Extended Data Fig. 1: Identification of human-specific progenitors in motor neurogenesis.
From: A human-specific progenitor sub-domain extends neurogenesis and increases motor neuron production

(a) Culture conditions for motor neuron differentiation. (b) UMAP of all high-quality single-cell RNA-seq profiles after removal of interneuron-lineage/fibroblast-like cells, colored based on replicate. (c) Timestamp distribution in human single-cell gene expression datasets across the two replicates, normalized by cell cluster (day 10 cells in replicate 1 were not timestamped and therefore inferred based on absence of timestamp expression; see Methods) (d) Timestamp distribution (day 4–6) in mouse single-cell gene expression datasets across the two replicates. (Day 7 was not collected for first replicate.) (e) UMAP of all high-quality single-cell RNA-seq profiles, clusters colored based on identity. (f) UMAP of combined human and mouse single-cell gene expression profiles following CCA-mediated integration, colored by normalized expression level of key marker genes. (g) Chi-square distance between human and mouse clusters.
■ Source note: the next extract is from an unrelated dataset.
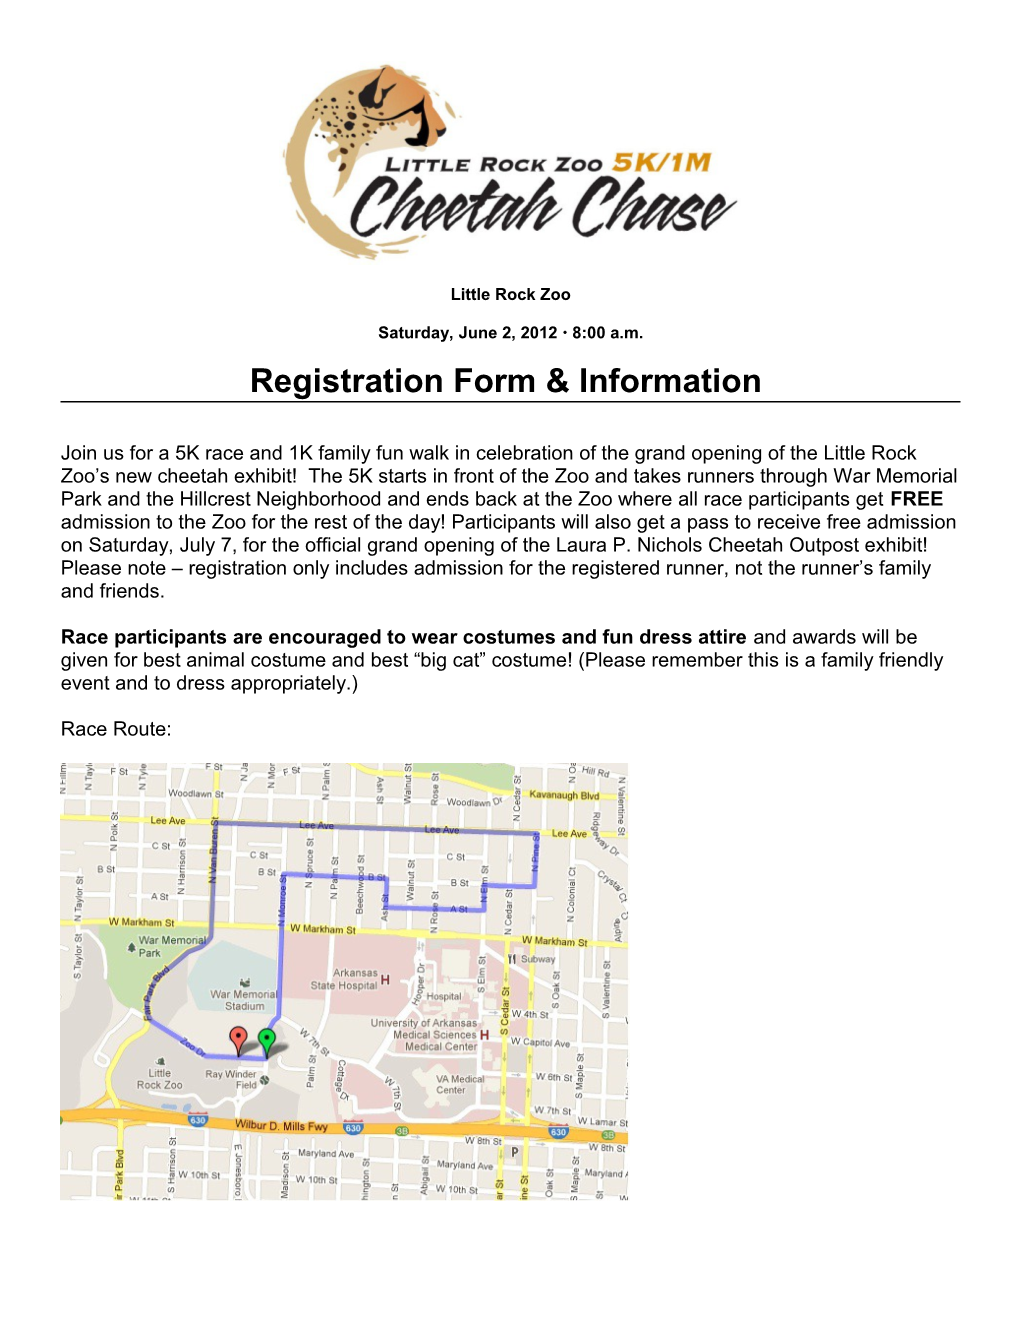 Registration Form & Information

Smaller distances indicate greater similarity in constituent cells’ distribution across common clusters. (h) Classification of human (top) and mouse (bottom) cells according to human-based random-forest classifier shows that the vast majority of mouse cells classified as H0-2 (pMN), H6 (late-appearing NKX2-2+/OLIG2+), or H7-9 (MN), leaving the H3-5 (vpMN) category void of classified mouse cells. (i) Macaque iPSC cultures display NKX2-2 and OLIG2 co-expressing cells when ISL1+ MNs begin to appear, mimicking human cultures (scale bar = 50μm). (j) UMAP of scRNA-seq data from Carnegie Stage 12 human embryonic spinal cords30, colored based on cluster identity or NKX2-2/OLIG2 expression. (k) Left: Alignment of human in vitro and human CS12 embryonic scRNA-seq data shows that human-specific clusters map onto distinct clusters found in vivo. Right: Alignment of human in vitro and mouse E9.5-10.5 spinal cord shows that H4 cells show poor overlap with all embryonic mouse clusters, suggesting that H4-like cells are found in human (but not mouse) embryonic spinal cords. (l) Normalized expression levels of key marker genes in CS12 human (top) and E9.5-E10.5 mouse (bottom) clusters. (m) Alignment of human in vitro and human CS14/pcw5 (CS14) embryonic scRNA-seq data. (n) Normalized expression levels of key marker genes in CS14/pcw5 human clusters.